1 ... keyboard, 2 ... tone switch, 3 ... control section, 4 ...
... external instruction section, 5 ... 2-chip instruction section (reading number changing means), 6 ... waveform memory, 7, 7a, 7b ... external circuit (additional processing means), 8, 8a ... sound source (musical tone) Generating means, first musical sound generating means), 8b ... Sound source (musical sound generating means, second musical sound generating means), 18 ... Address generating section (address generating means, first-out control means), 19 ... Interpolating section, 70 ... Buffer RAM (buffer).

Claims (4)

[Claims] 1. A waveform memory for storing waveform data, address generating means for generating an address for sequentially reading waveform data from the waveform memory in a plurality of time division channel operations, and a predetermined timing for the operation of the time division channels. In a musical tone generating device comprising musical tone generating means for generating musical tones for a plurality of time-division channels based on the waveform data read by the above, it is possible to add to the configuration of the musical tone generating device, the waveform memory and the Additional processing means that can be inserted between the musical tone generating means, inputs the waveform data read from the waveform memory, performs predetermined additional processing, and then supplies the processed musical tone data to the musical sound generating means. And, when the additional processing means is added, the delay time of the waveform data generated in the additional processing means, the address of the address generating means, Musical tone generating apparatus characterized by comprising a first-out control means for advancing the output timing. 2. A waveform memory for storing waveform data, an address is generated for each of a plurality of time-division channels, and n waveform data for each time-division channel is read from the waveform memory by the address. And a first tone generating means for generating tones for a plurality of time-division channels, which can be added to the configuration of the tone generating device.

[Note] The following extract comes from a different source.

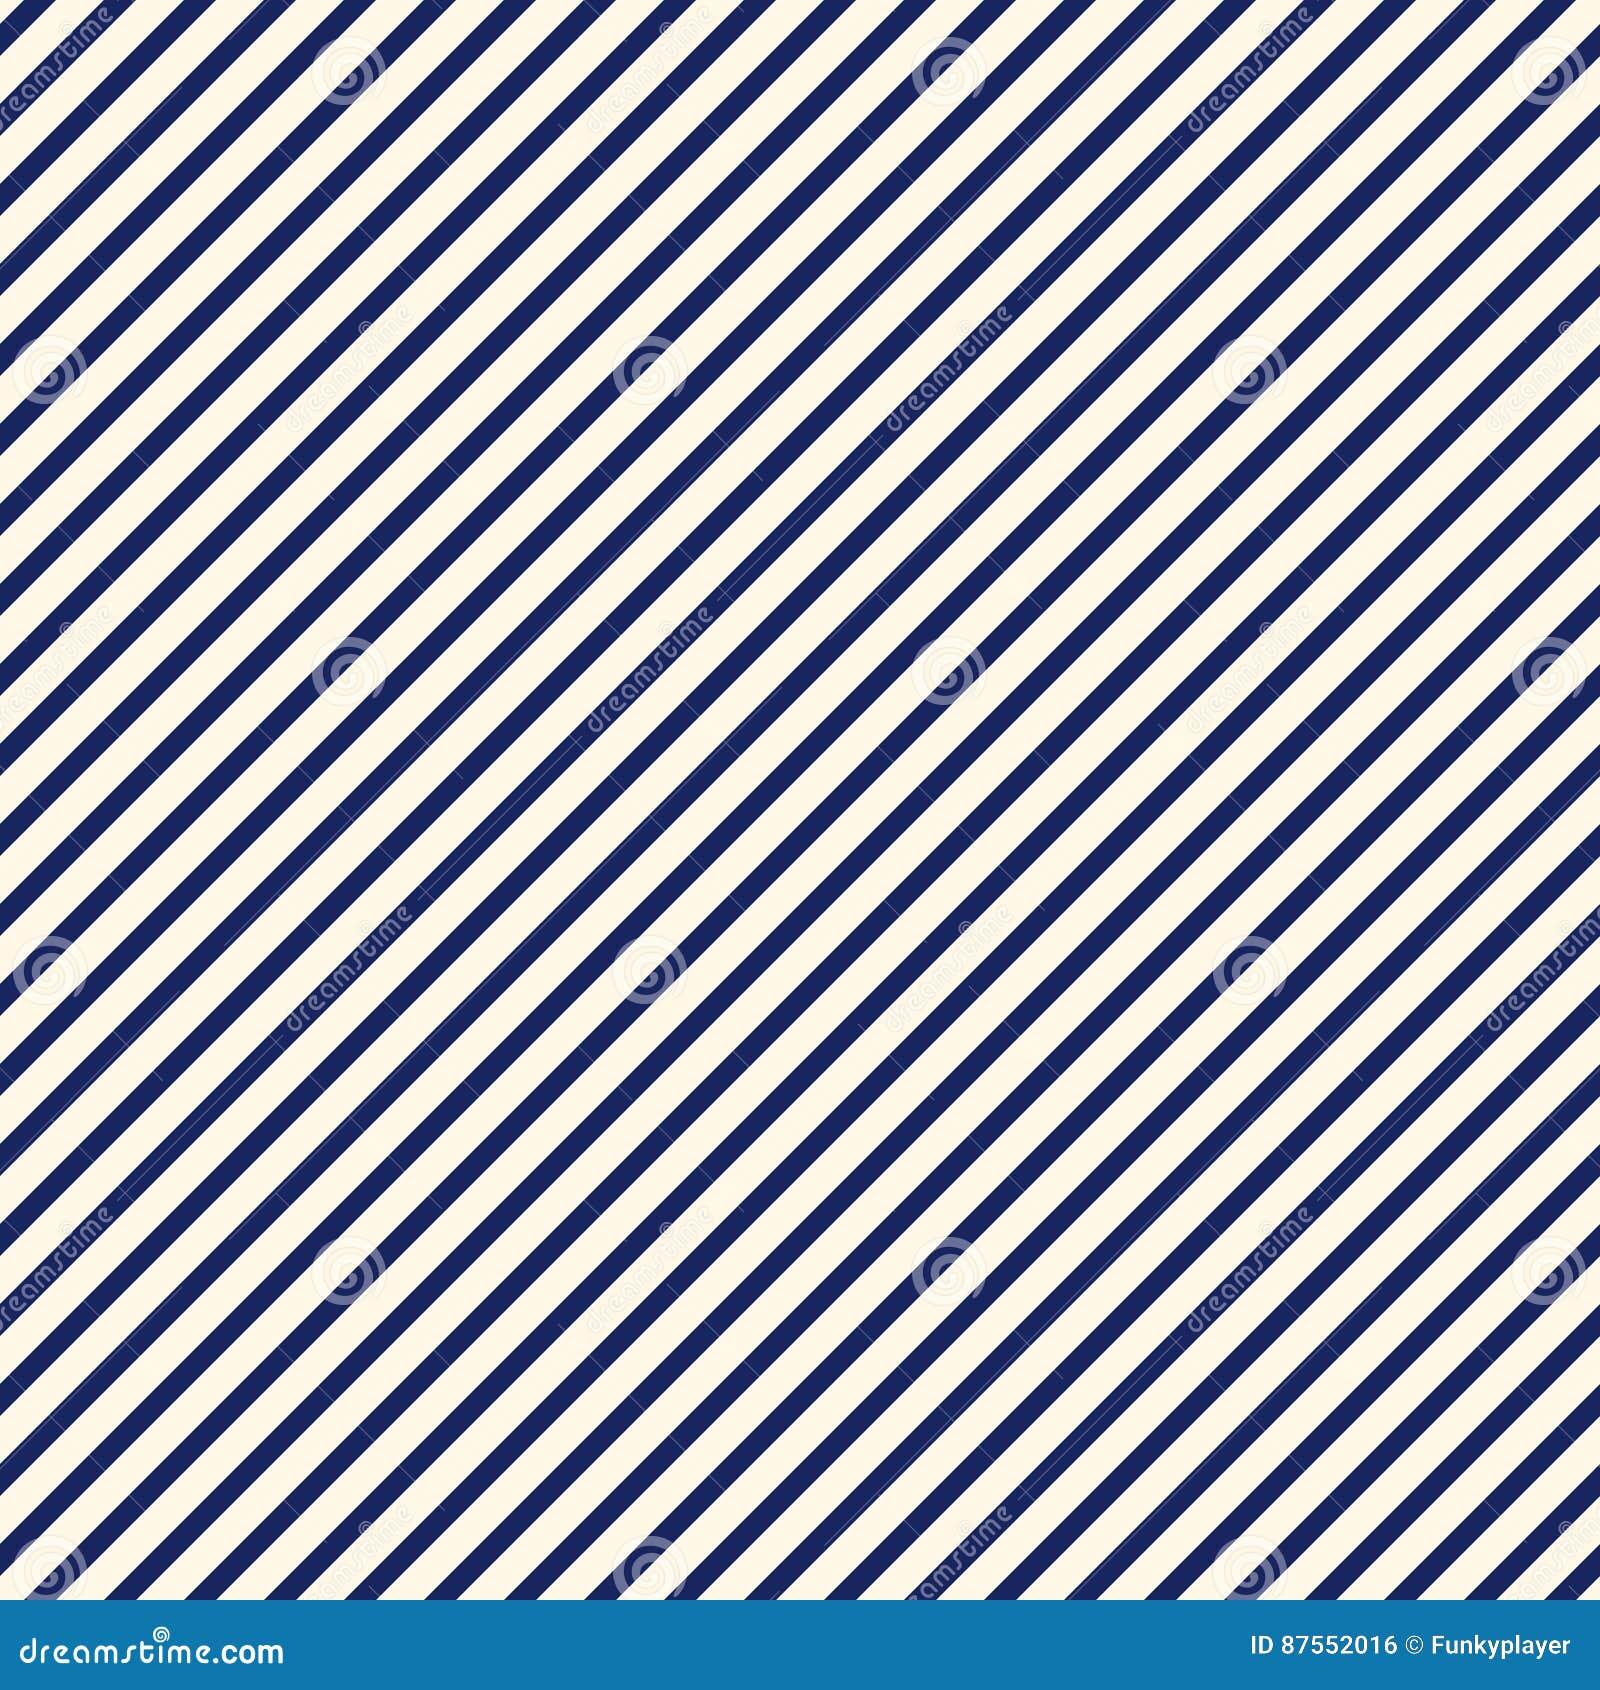 And black diagonal stripes background seamless background or wallpaper - Background Blue Diagonal

Together with the musical tone generating means, the second musical tone generating means that shares the waveform memory, and the number of waveform data that needs to be read in each time division channel when the second musical tone generating means is added are A musical tone generating apparatus comprising: a read number changing means for changing the number of read signals to m, which is smaller than n. 3. A waveform memory for storing waveform data, an address is generated for each of a plurality of time-division channels, and n waveform data for each time-division channel is read from the waveform memory by the address. And a first tone generating means for generating tones for a plurality of time-division channels, which can be added to the configuration of the tone generating device.
Second tone generation means that shares the waveform memory together with the tone generation means, and a buffer that is added when the second tone generation means is added and temporarily stores waveform data, A musical tone generating apparatus comprising: a buffer for supplying the number of waveform data which cannot be read out by sharing the waveform memory with the second musical tone generating means among the waveform data in a time division manner. 4. A waveform memory for storing compressed waveform data that has been waveform-compressed, address generating means for generating an address for sequentially reading the compressed waveform data from the waveform memory in a plurality of time-division channel operations, Storage means for storing a plurality of reproduced waveform data, decompression means for decompressing the compressed waveform data read for each time division channel using the reproduced waveform data stored in the storage means, and the decompression means. A musical tone characterized by comprising musical tone generating means for interpolating based on the decompressed decompressed waveform data and the past decompressed waveform data stored in the storage means to generate a musical tone for a plurality of time division channels. Generator.